How does illicit trafficking shape urban planning?
This session examines the links between illicit flows and urban development, and the challenges they pose for achieving more equitable, accountable planning in today’s cities.
Overview
A DPU Urban Transformation Cluster event
The prevalence of illicit flows and associated criminal activity increasingly challenges planners’ capacity to address their impacts on urban safety and, more broadly, on systems of urban governance. Yet trafficking—and the capital it generates—is deeply intertwined with urban development processes across diverse contexts. This influence ranges from the laundering of illicit capital through real‑estate markets and large‑scale infrastructure projects, to the formation of criminalised “parallel states” in which organised groups regulate, manage, and at times monopolise urban services and governance functions. This fifth session in our Urban Planning and Violence series seeks to unpack the complex relationship between illicit flows and urban development, and to explore the challenges they pose for advancing more equitable and accountable forms of development planning in contemporary cities.
Speakers:
Gabriel Feltran is a Research Professor CNRS at the Centre for European Studies and Comparative Politics, Sciences Po, Paris. He has authored and edited several books and articles, including « Stolen Cars: A Journey through São Paulo’s Urban Conflict » (Wiley SUSC series, 2022); « The Entangled City: Crime as Urban Fabric in São Paulo » (Manchester University Press, 2020), and the documentary series « PCC: The Secret Power » (HBOMax, 2022), adapted from his book in Portuguese (« Irmãos: uma história do PCC », 2018). His newest article is entitled A Criminal Platform for the Cocaine Trade: Governance Mechanisms Changing the Balance of Power in a Transcontinental Value Chain (European Journal of Sociology, 2025). Title of the Presentation: “Cocaine, Criminal Governance, and the Coproduction of Urban Spaces” Since 2016, expanding cocaine flows have transformed the scale of Latin American and European illicit markets. Billions of euros are laundered across urban economies, from real estate to infrastructure. Drawing on extensive fieldwork, this talk examines how criminal governance shapes the co-production of cities through (il)licit value chains.
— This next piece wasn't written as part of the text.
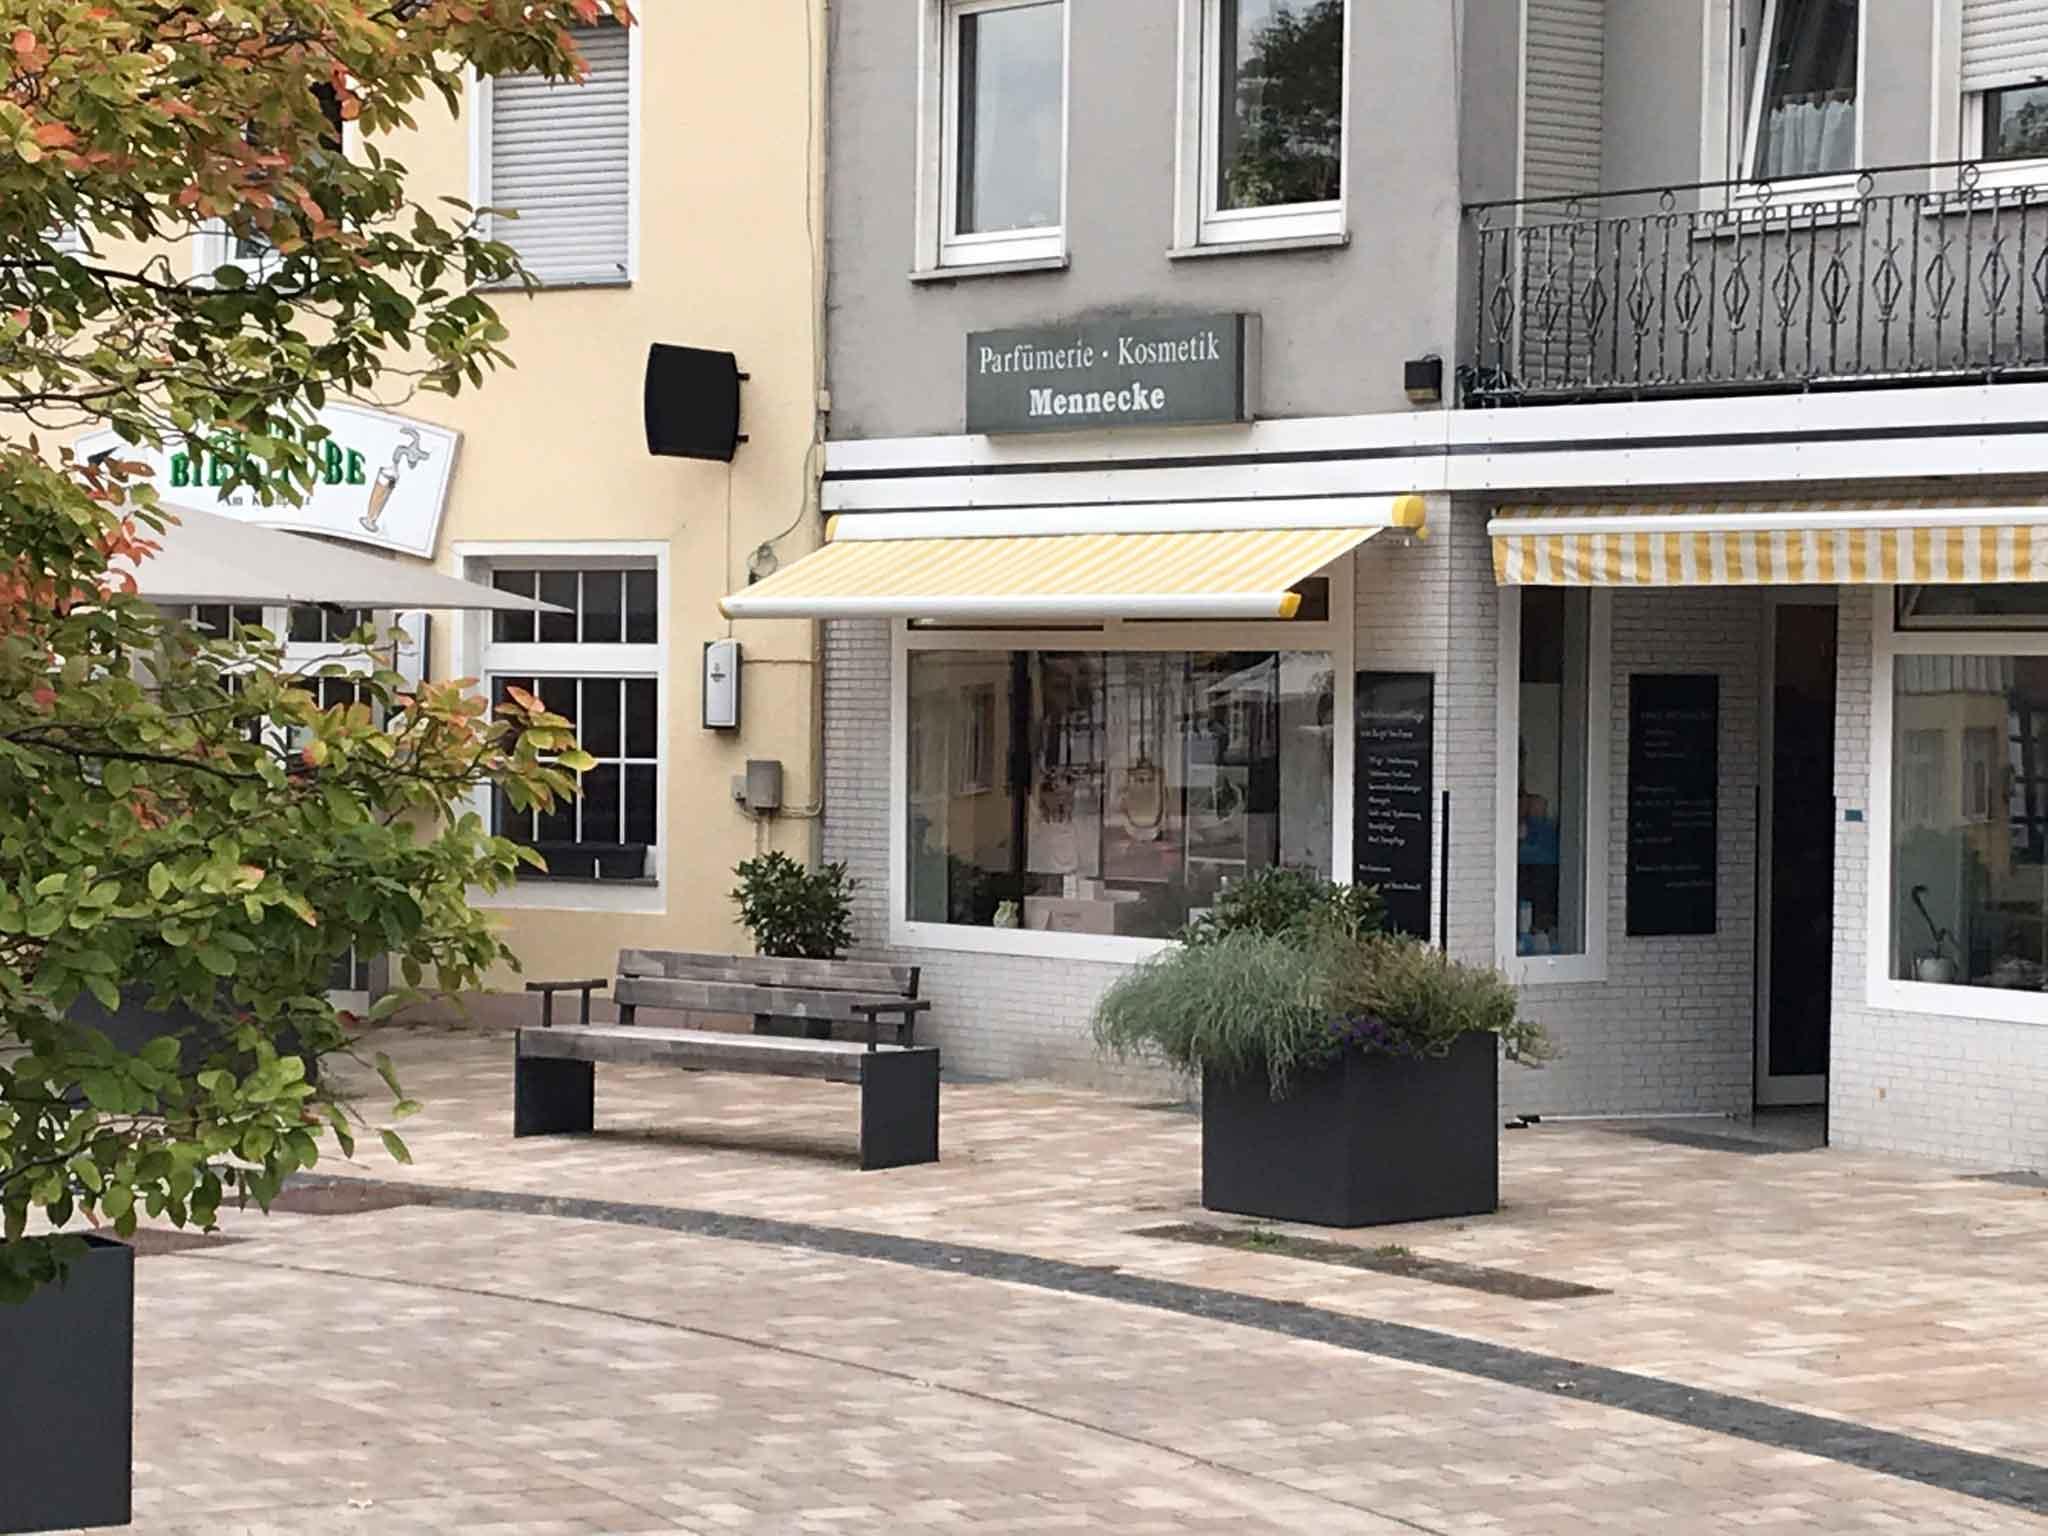 Parfümerie Anke Mennecke Das Geschäft Schaufenster Kirchplatz 12 Steinhagen

Rowland Atkinson (University of Sheffield) is Chair in Inclusive Societies at the University of Sheffield. Rowland is an urban sociologist whose work focuses on the consequences for cities of social divisions. These interests have generated work on displacement from gentrification, social exclusion and housing policy interventions, and the rise of gated communities. Most recently, his work has focused on the impact of wealth and the wealthy on urban life. Title of the presentation: Dark City as Violence Accelerator: The Role of Urban Property and Money Laundering in Social Harm.